Output must consist only of the lines of the material below from the one with "RéVive Intensité Les" through the one with "Italia Abruzos provincia", each reproduced exactly; no pictures belong in it.

* [Data shown]:
☆ ☆ ☆ ☆

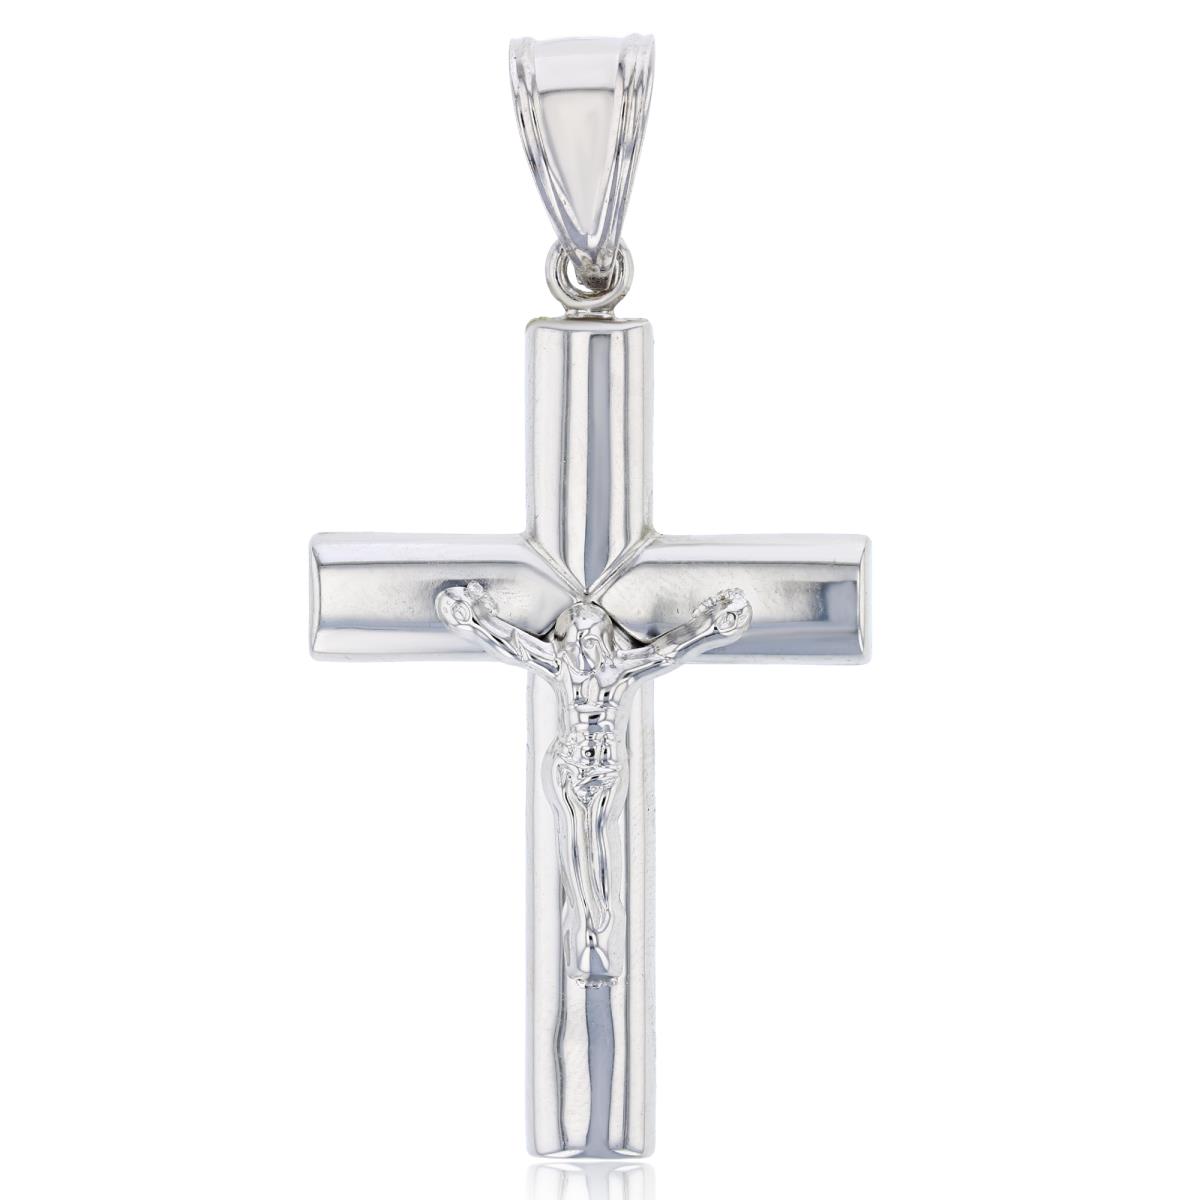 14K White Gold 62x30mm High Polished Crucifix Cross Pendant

☆ ☆ ☆ ☆

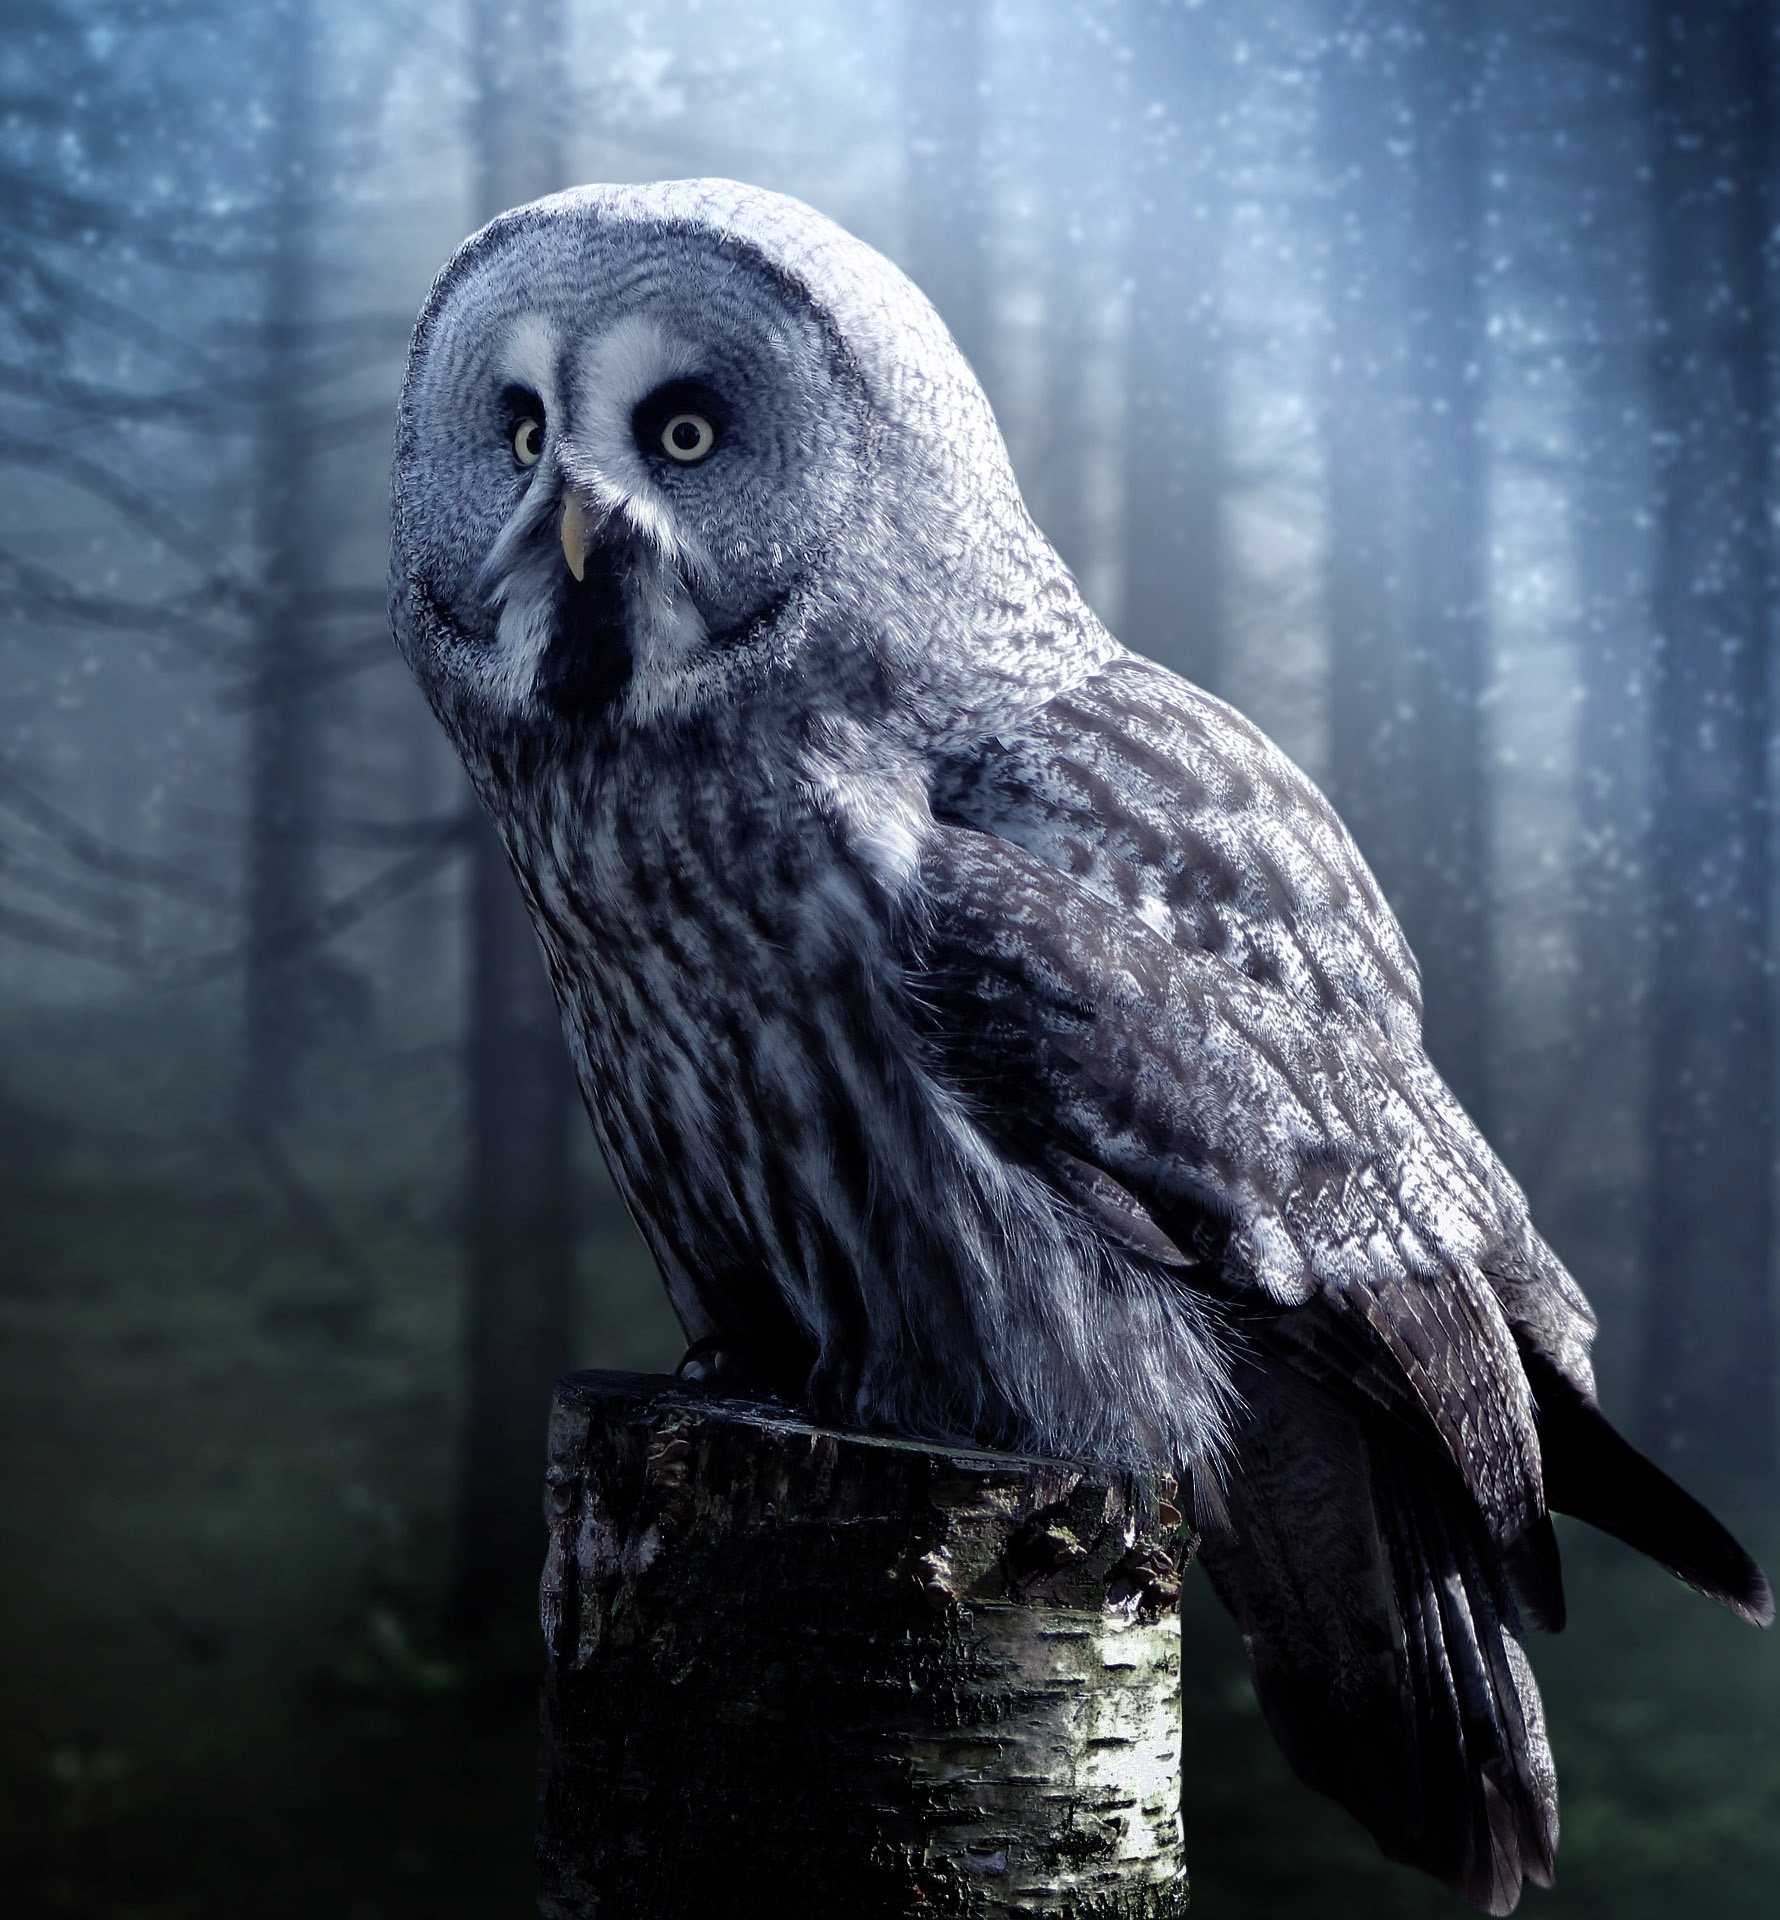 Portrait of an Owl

☆ ☆ ☆ ☆

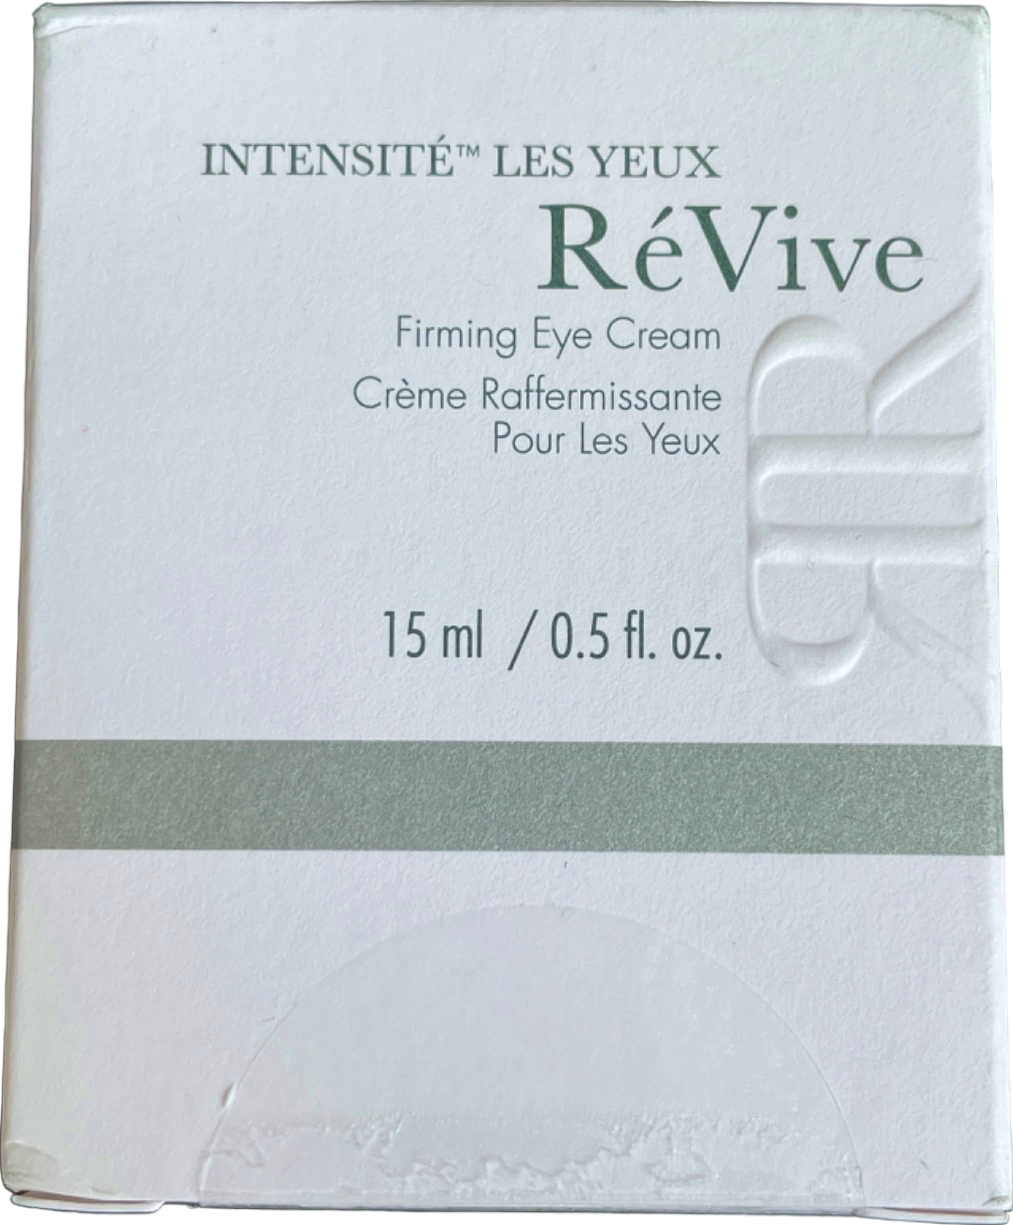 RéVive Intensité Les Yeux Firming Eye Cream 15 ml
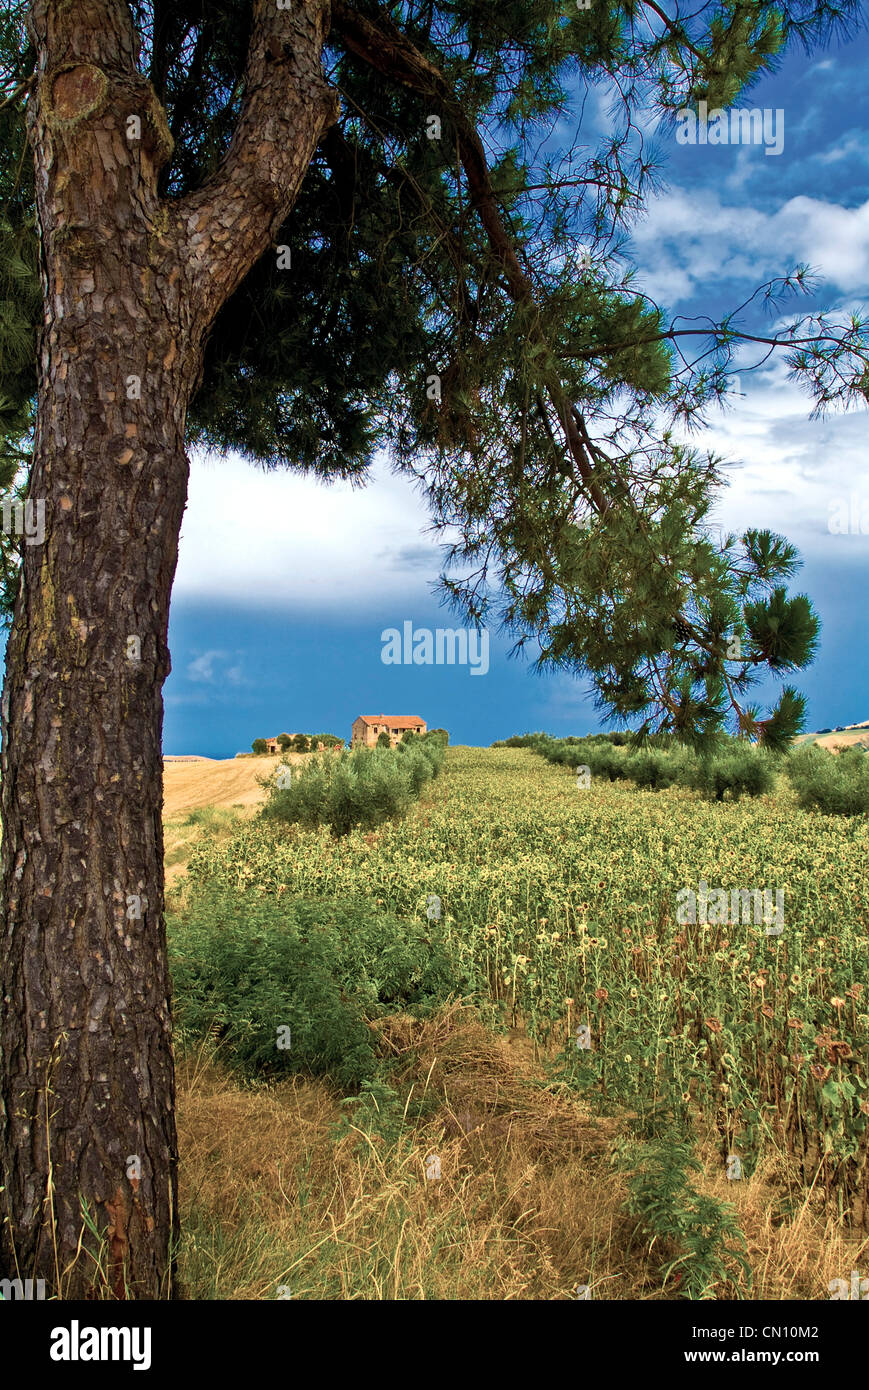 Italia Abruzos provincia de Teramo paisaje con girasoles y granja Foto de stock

☆ ☆ ☆ ☆

* [Your solution]:
 RéVive Intensité Les Yeux Firming Eye Cream 15 ml
 Italia Abruzos provincia de Teramo paisaje con girasoles y granja Foto de stock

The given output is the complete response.